Cecilia has always had more courage than I do. Last week she walked through the squalid rooms where her mother abandoned her as if she were a gracious first lady giving a tour of the White House. She grimly did five takes over two days, and she only broke down once.

On the final one she took us down the hall to the broom closet where as a child she hid when she needed to be safe. She showed us how she wedged the door shut from the inside so nobody could find her.

And she told us she slept in that dark, roach-infested closet as often as she slept on a filthy mattress on the floor of the apartment.

For anyone who questions whether my sister deserves the good things that have come her way as an adult? Take a look at the moment when she opens the closet door and bursts into tears.

Now a week later we were at the airport in Tampa, and Cecilia, who just got back from a quick trip to LA this morning, is on her phone in the parking lot talking to Hayley while I say goodbye to my daughter.

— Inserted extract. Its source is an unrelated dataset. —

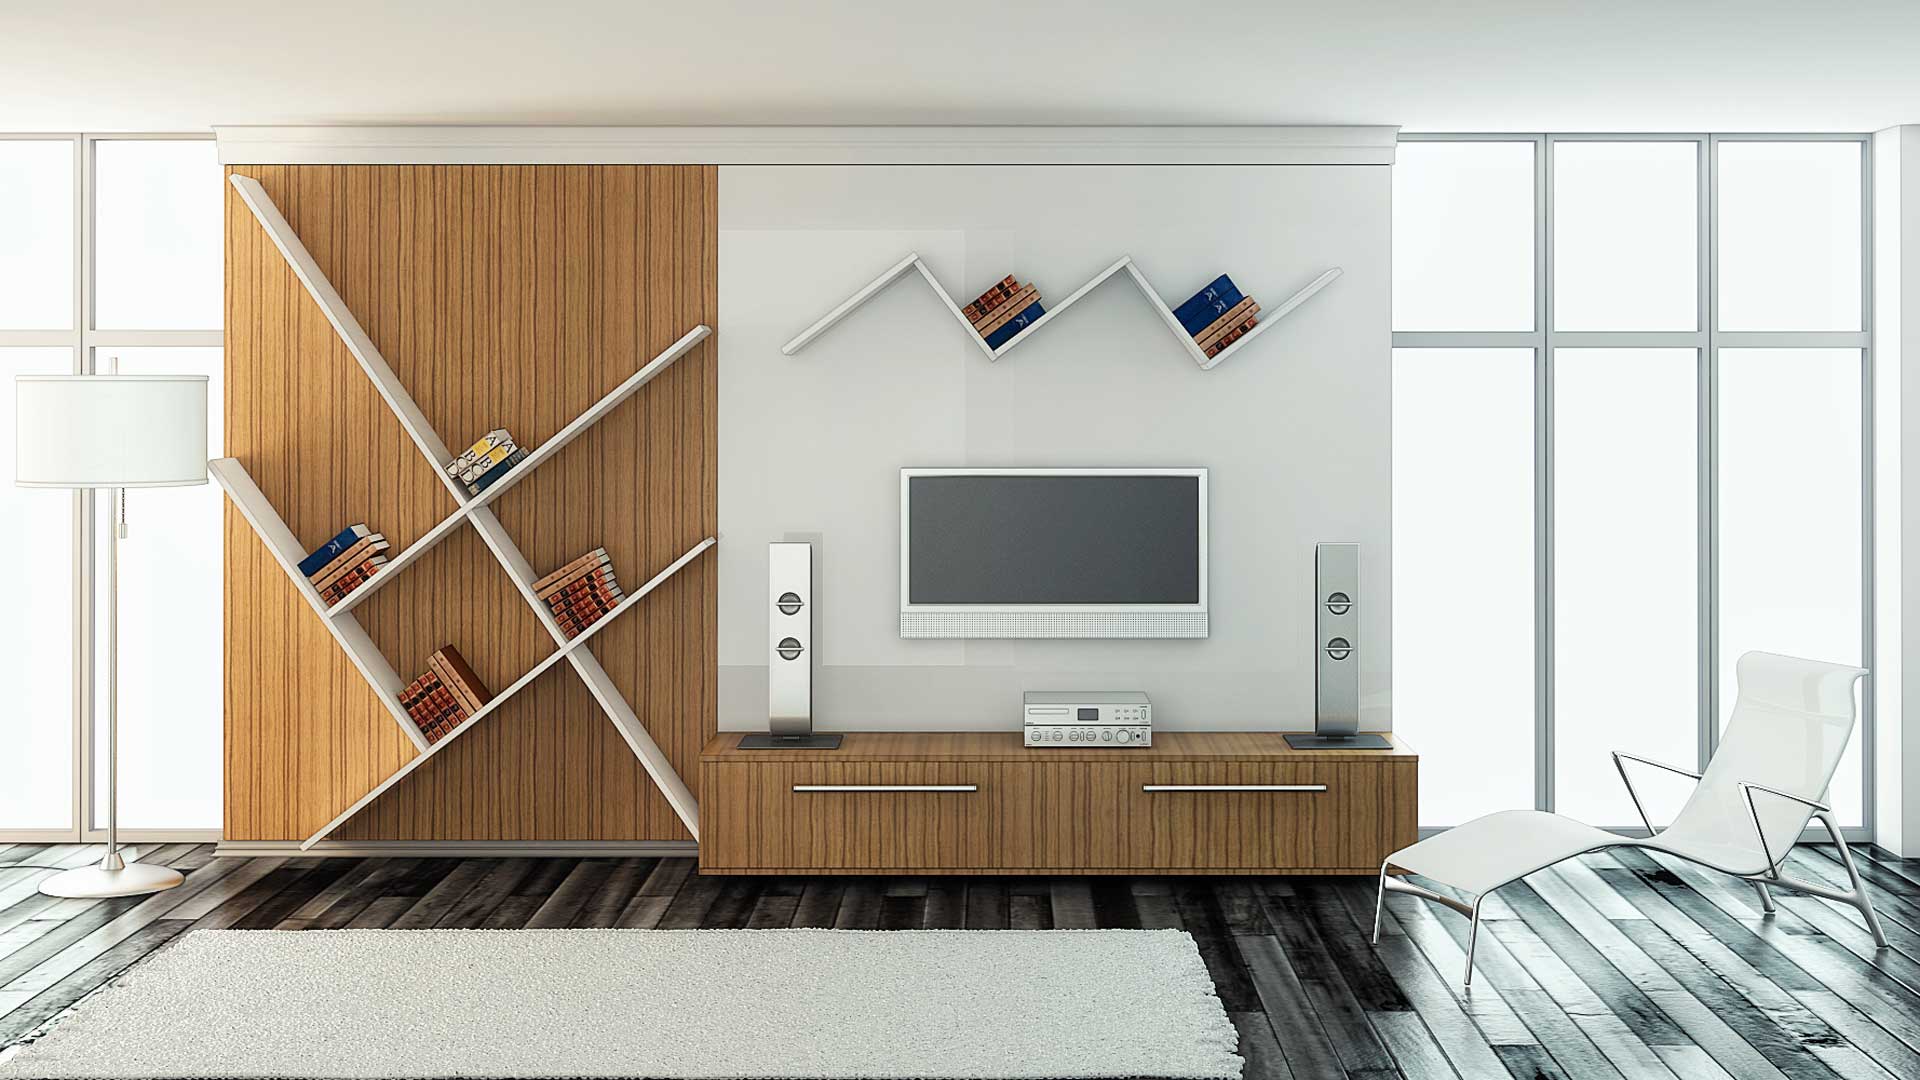 Sistem modular untuk reka bentuk ruang tamu yang bergaya dan kontemporari

As a break from the more difficult scenes, Mick and crew spent a few days filming in this area, and even though I'd just seen her, the lighter schedule seemed like a perfect time to invite Pet to join me for a long weekend. Even Kris, who had to make more trips to the airport for pickup and delivery, agreed she would get more from being on a film set than from her class unit on messages in the media.

Ten is not too young to understand the inner workings of a parent. When I wasn't needed for photos, I drove Pet on a tour of homes I had lived in, including a drive-by of my grandmother's, a last-minute decision I was afraid I might regret.

When I left foster care I was presented with the life book with information about my childhood and education that had followed me from placement to placement. So even though I was a child when I left my grandmother's house, I had the address. Secretly I hoped the house had blown away in a hurricane, but as expected, when Pet and I pulled up it was still standing. The little bungalow looked as if somebody cared about it, because the shrubs were neatly trimmed, exterior shingles replaced and the shutters had been recently painted. Of course the house is smaller and more ordinary than the one in my memories.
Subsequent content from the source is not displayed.